Это когда дозорный рядовой Абец Цаба один шесть часов ночью с волками бился, а мы еле-еле с подмогой подоспели только аж под утро. А он, весь израненный да избитый, ещё и в атаку вместе со всеми на врага пошёл! Вот это — настоящий герой.

Зато потом был светлый-пресветлый день. Много солнца и чистого неба, и шальной южный ветер нагонял попеременно, то вьюгу с позёмкой, то метель с пургой…

И от этих ли строчек, от воспоминаний ли ими вызванными, или ещё от чего, на душе становится весело и хочется высокой романтики. И петь хочется высоким слогом — трам-там-та тата, тата тата та-а! Трам-там-та тата, папа папа па-а-а!

И воющая вьюга с метелью очень удачно мелодию прямо на эти строчки накладывают. И рождается слово. И сама собой выходит песня.

Потом как-нибудь на привале в тесном кругу ты поёшь свою песню. А солдаты внимательно слушают, и глаза у них восторженно блестят. И тихо-тихо, еле заметно кивают они головами в такт словам. А лорд Дали, молча, смотрит на бойцов, на тебя и ничего не говорит. Потом уже потом, когда песня заканчивается и солдаты отправляются на отдых по своим норам, он подходит к тебе близко, почти в упор, и тихо говорит: «Рядовой Бафа Дцае, ты делаешь великое дело. Когда мы освободим свою землю от коварного и злобного врага, и вся Ктида будет чистой и свободной, на твоих песнях мы будем воспитывать наших потомков! Учить их так же любить свою землю и быть такими же самоотверженными и отважными, как и герои, воспетые тобой! А тебе же самому мы поставим памятник из самого красивого льда, на самой высокой горе. И будет он стоять вечно, как вечны сияющие льды нашей родной и великой страны».

Наверное, он так шутит, хотя при этом совсем не смеётся. И тебе делается неловко, и ты ему отвечаешь, что памятник лучше всего поставить именно солдатам, таким как рядовой Абец Цаба, так как нет среди нас более достойного и храброго героя, чем он. И тогда лорд Дали уже смеётся: «Солдатам памятником твои песни станут, поскольку ты все свои творения в основном им и посвящаешь».

Ну, да. Недоумеваешь ты. И что? Никто же не виноват, что ты сам солдат и вместе со всеми выносишь на своих плечах всю тяжесть войны. То есть, наоборот, это счастье, что такой факт имеет место быть! И потом, почему бы и не петь солдатам о солдатах? Что может быть им ближе и роднее? Вот, например:

Какая музыка слов получается. И петь это просто и приятно. И солдатам нравится. Достаточно вспомнить, как доложил рядовой Дцаб Фаца позавчера, когда у него спросили, какая там погода стоит на дозорном посту? Не моргнув глазом, он ответил: «Поёт метель»! А?! И это простой солдат. Выходит — есть у него душа, раз ему эти слова туда запали. Нет, не зря слагаются песни о героических бойцах. И памятник в далёком будущем ставить надо именно им, а не певцу, подвиги их воспевающему…»

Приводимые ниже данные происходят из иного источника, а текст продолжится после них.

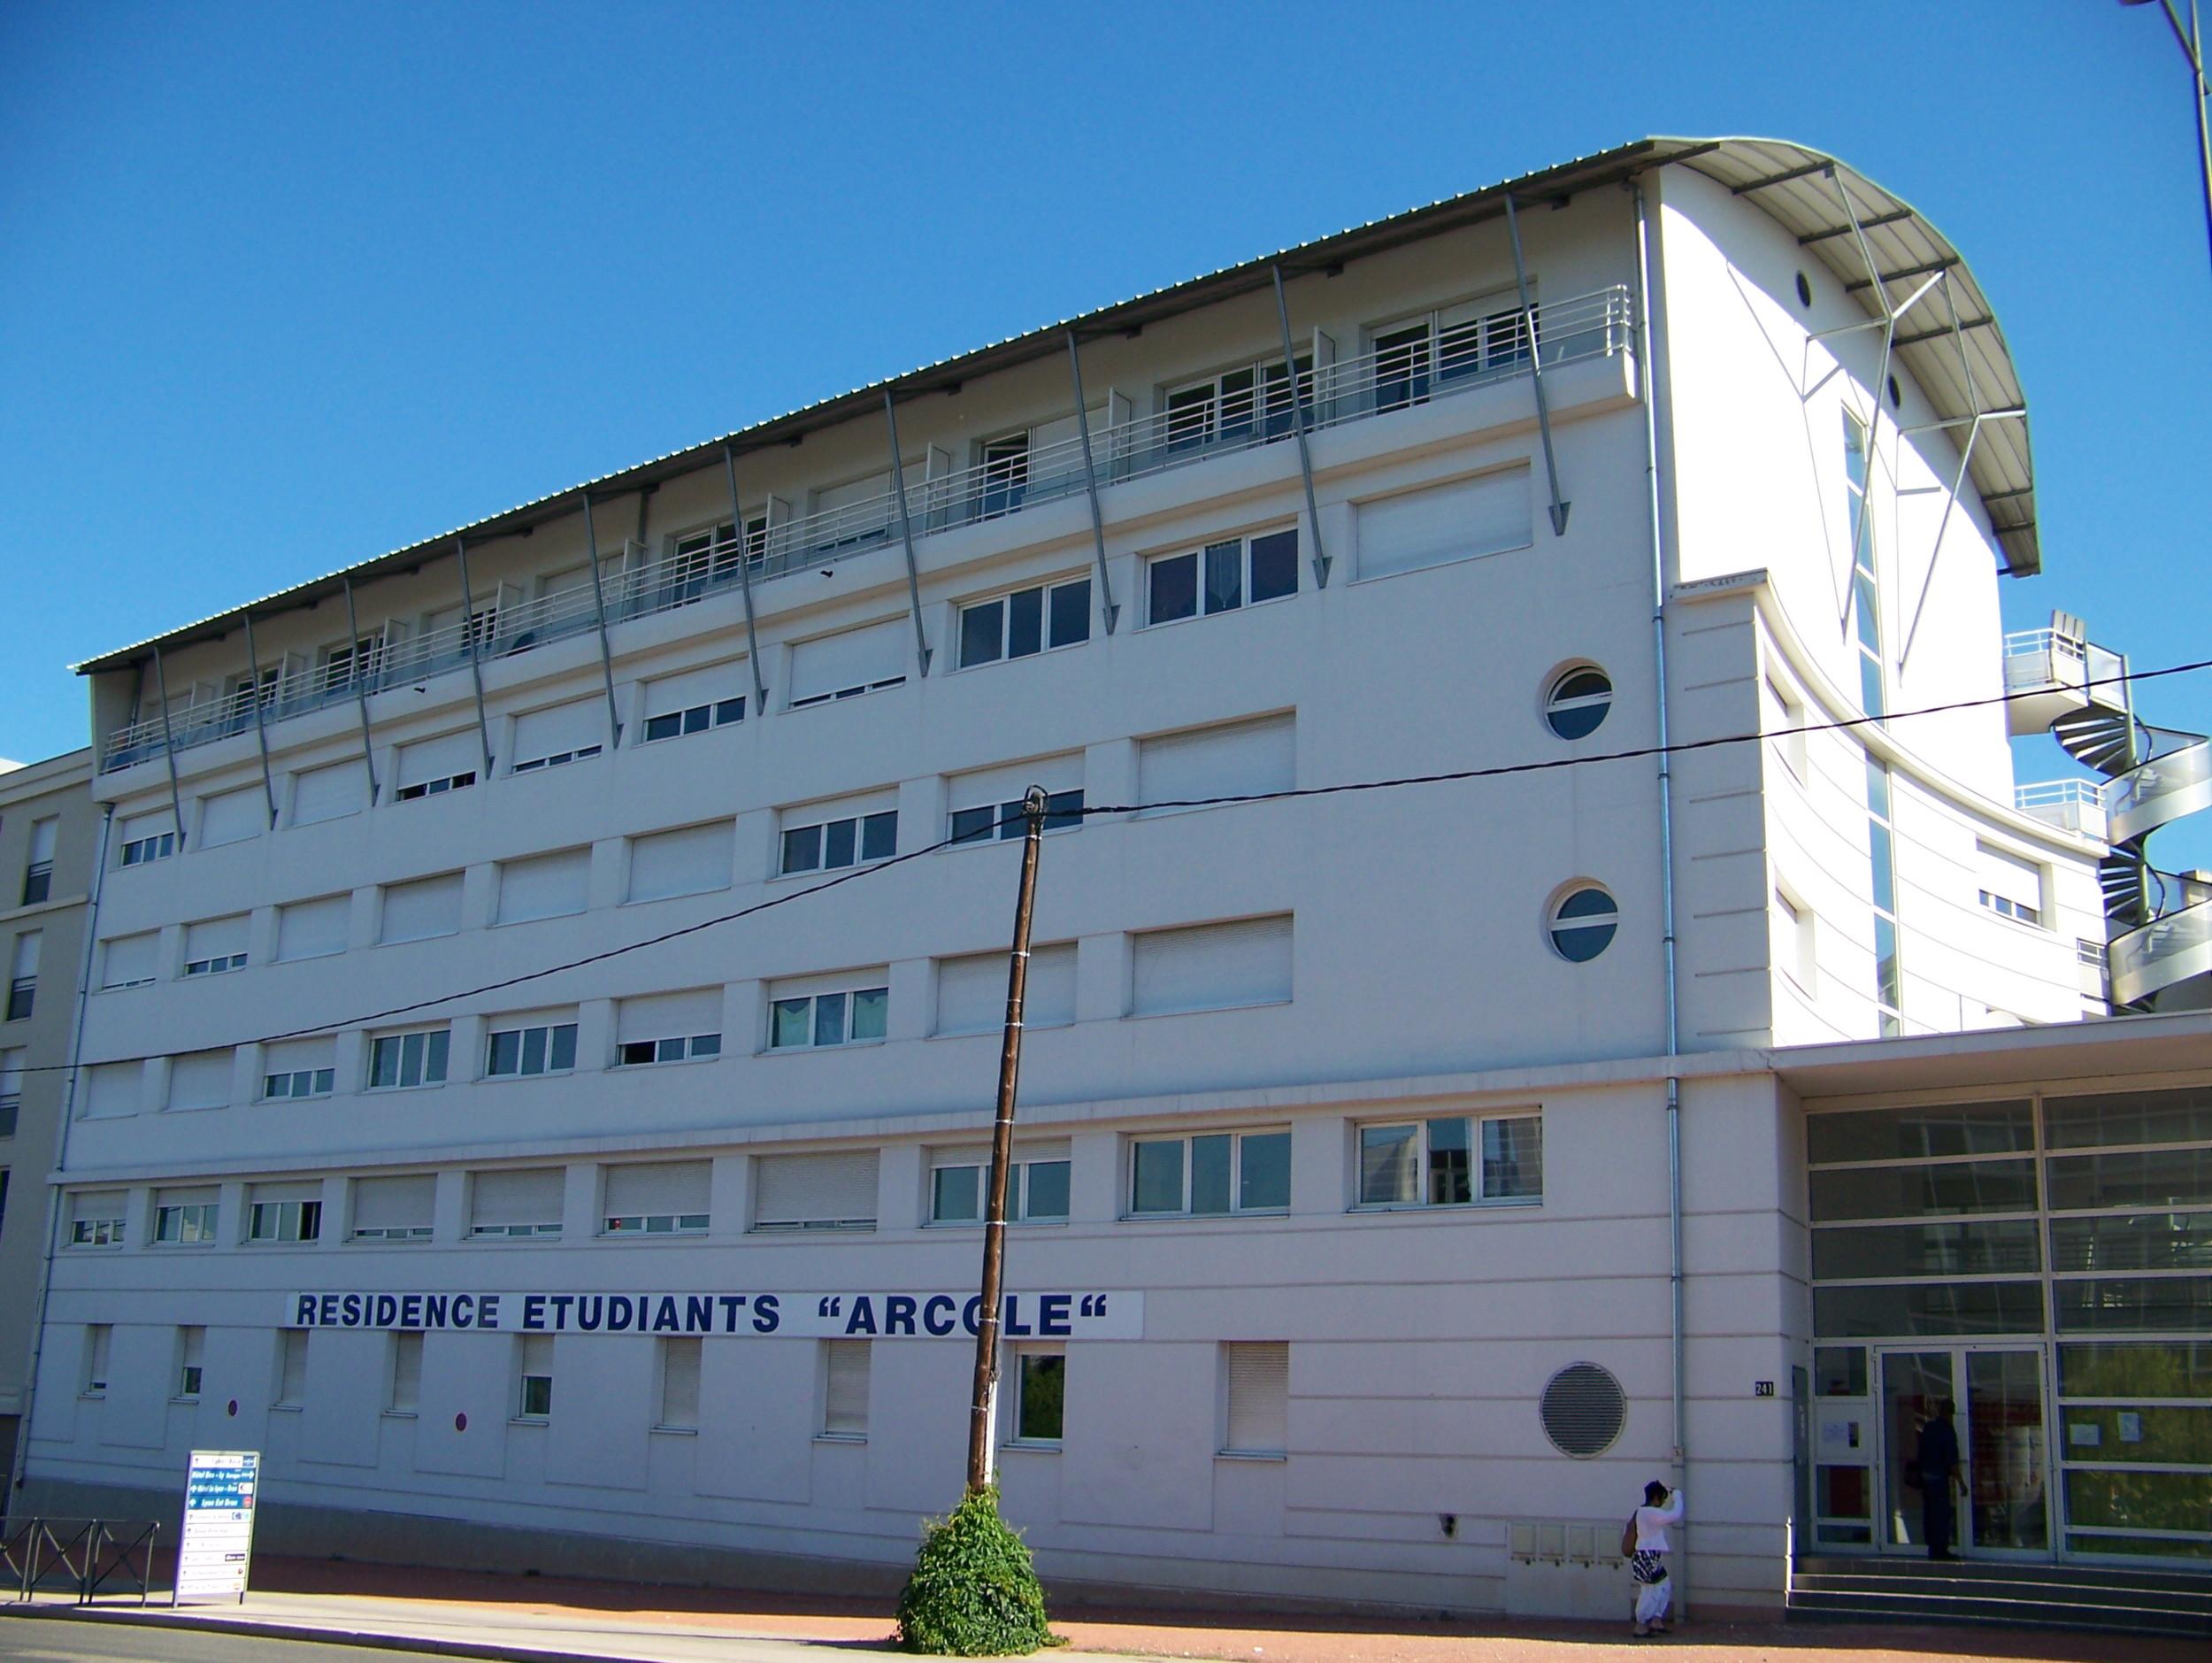 Location CARDINAL CAMPUS - ARCOLE  - Bron (69500)

* Ну, это довольно давняя запись. Одна из первых и от первого лица. Но не самая первая. Бард ухмыльнулся. Самые-самые первые он ещё не записывал, а просто запоминал. Потому что Тетрадь появилась позже. Смешно вспоминать теперь свои наивные представления тогда. Сейчас он совсем другой. Совсем-совсем. А раньше ему чего только не казалось…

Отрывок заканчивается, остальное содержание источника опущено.